Dense model, even the likes of llama 8B are no good for this kind of chip, since it just does not have enough compute for the prompt processing phase. Same situation with the likes of macbook air m4. 3B MoE is the practical spot.
Silver-Champion-4846@reddit
Kulidc@reddit (OP)
Thx for the input.
I know the iGPU is quite powerful and could be used for some smaller models but those are slow and may not be good enough for coding.
For the connection part, that's why I would consider using the unused SSD slot rather than the USBC connector on the front.
o0genesis0o@reddit
Not 100% sure, but I remember the reason why I skipped that beeline machine you mentioned and went with the bosgame with oculink for a bit extra money is because USB-4 for eGPU with AMD CPU, on linux, is kinda a risky business compatibility wise, whilst oculink is smooth (since it's just PCI-E, afaik). Can't recall the exact detail, but I did remember this part when shopping for the mini PC.

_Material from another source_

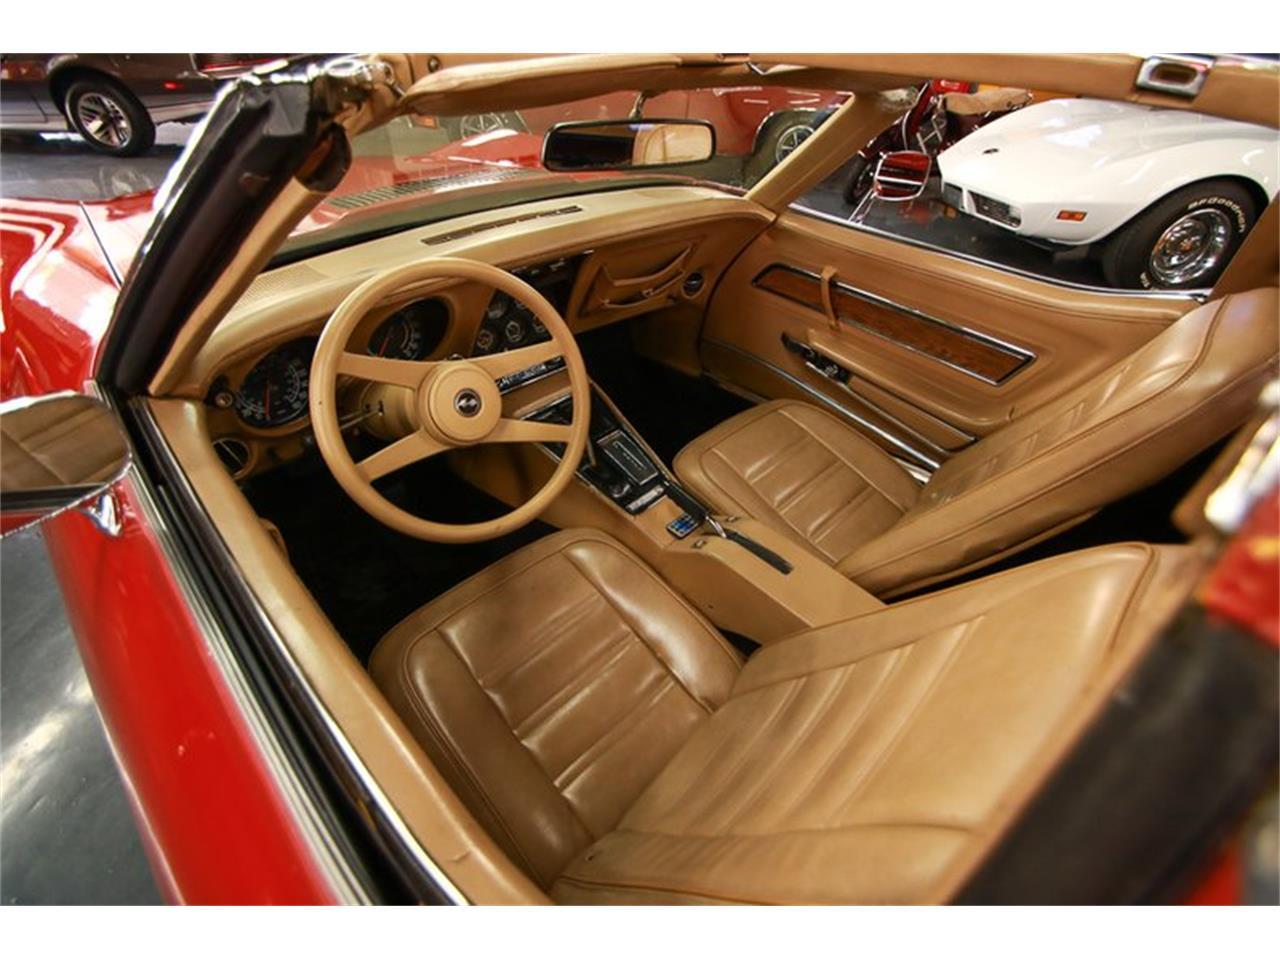 Large Picture of '76 Chevrolet Corvette located in Ohio - $9,900.00 - QHTE
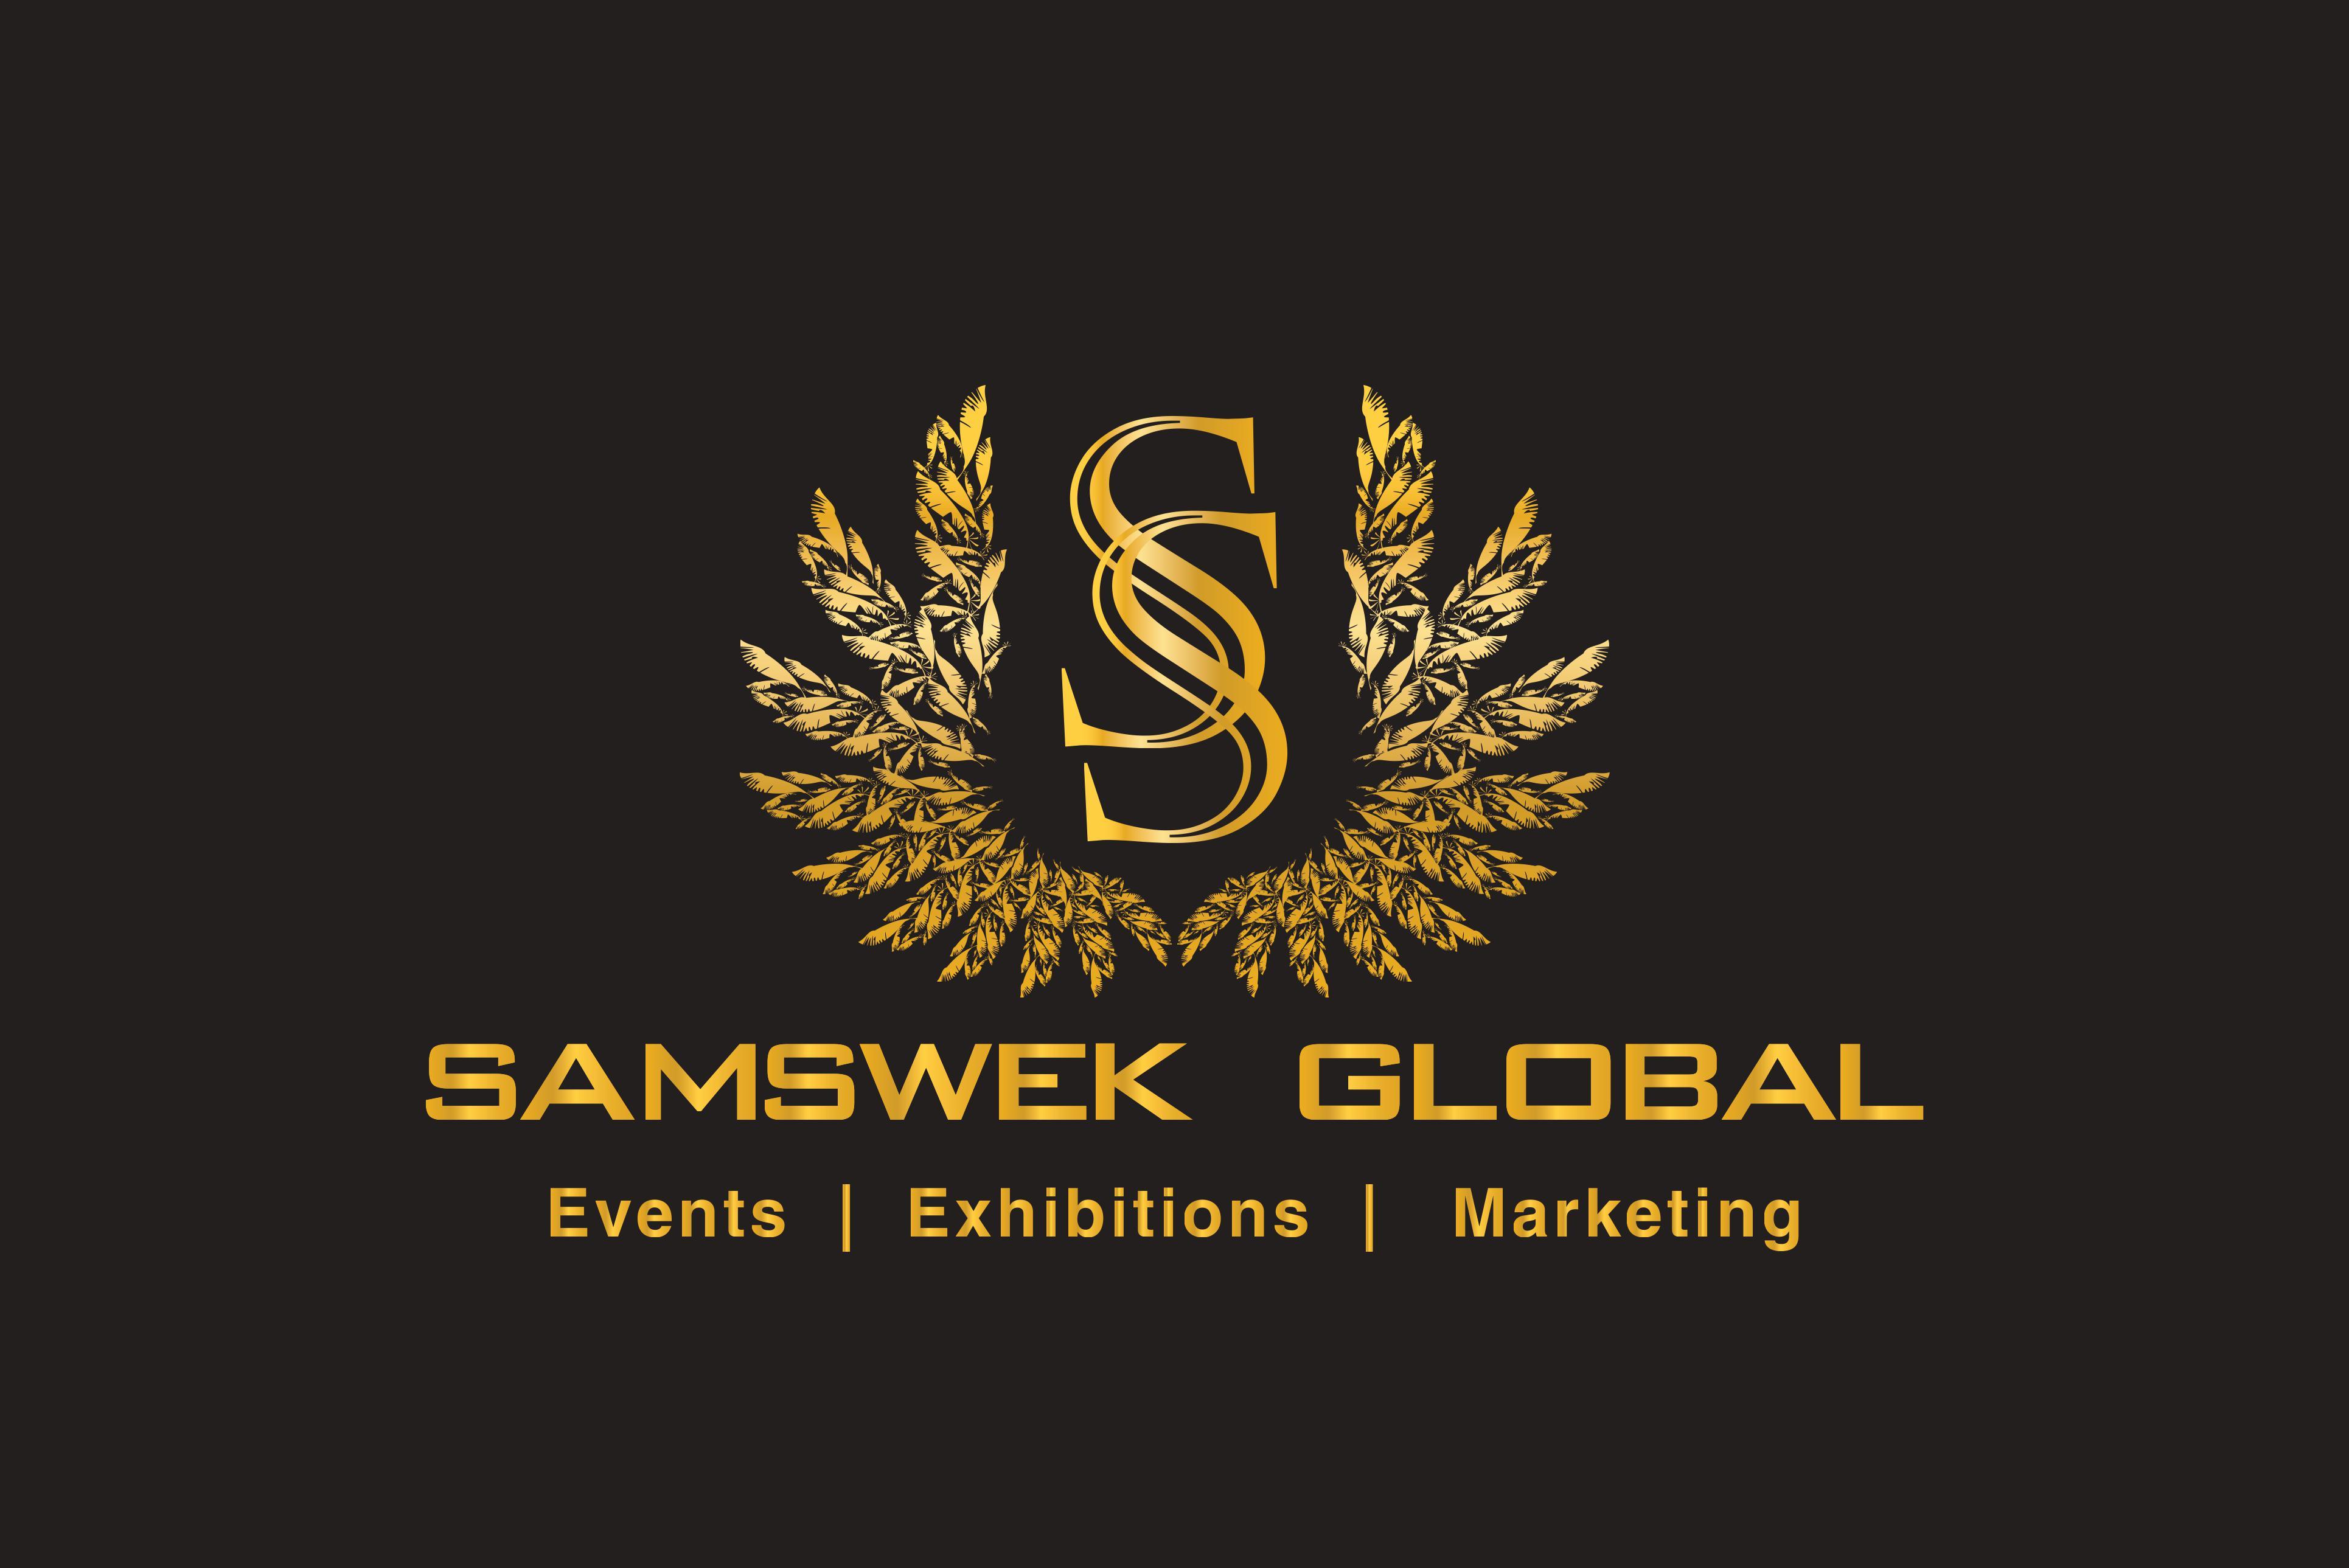 Samswek Global Events

Oh well, it's kinda a waste at the moment. I'm just running a single docker container of my own AI agent tool, and VPN to access from outside the house. That's it. Fingercrossed Linux 7 would fix the compute error. It can definitely be an all-in-one selfhosted AI assistant box. Not for coding though. Either compute or memory bandwidth are enough.
Kulidc@reddit (OP)
That's interesting to know about, guess I will be sticking to the SSD Slot with some oculink to nvme m2 converters then.
JohnToFire@reddit
In a nvme slot I have seen that. I suggest trying on vast AI if you haven't as it wont match best cloud models
Kulidc@reddit (OP)
I have GPT Pro subscription as my main cloud model. However, I would like to use self hosted models to keep some sensitive information or coding private.
I have tried the Qwen 3.6 model and Gemma 4 in my main workstation before. The performance is good enough for me. However, the workstation is being too beef and drawing too much power even on idle. That's why I would like to migrate parts of the service onto the mini pc.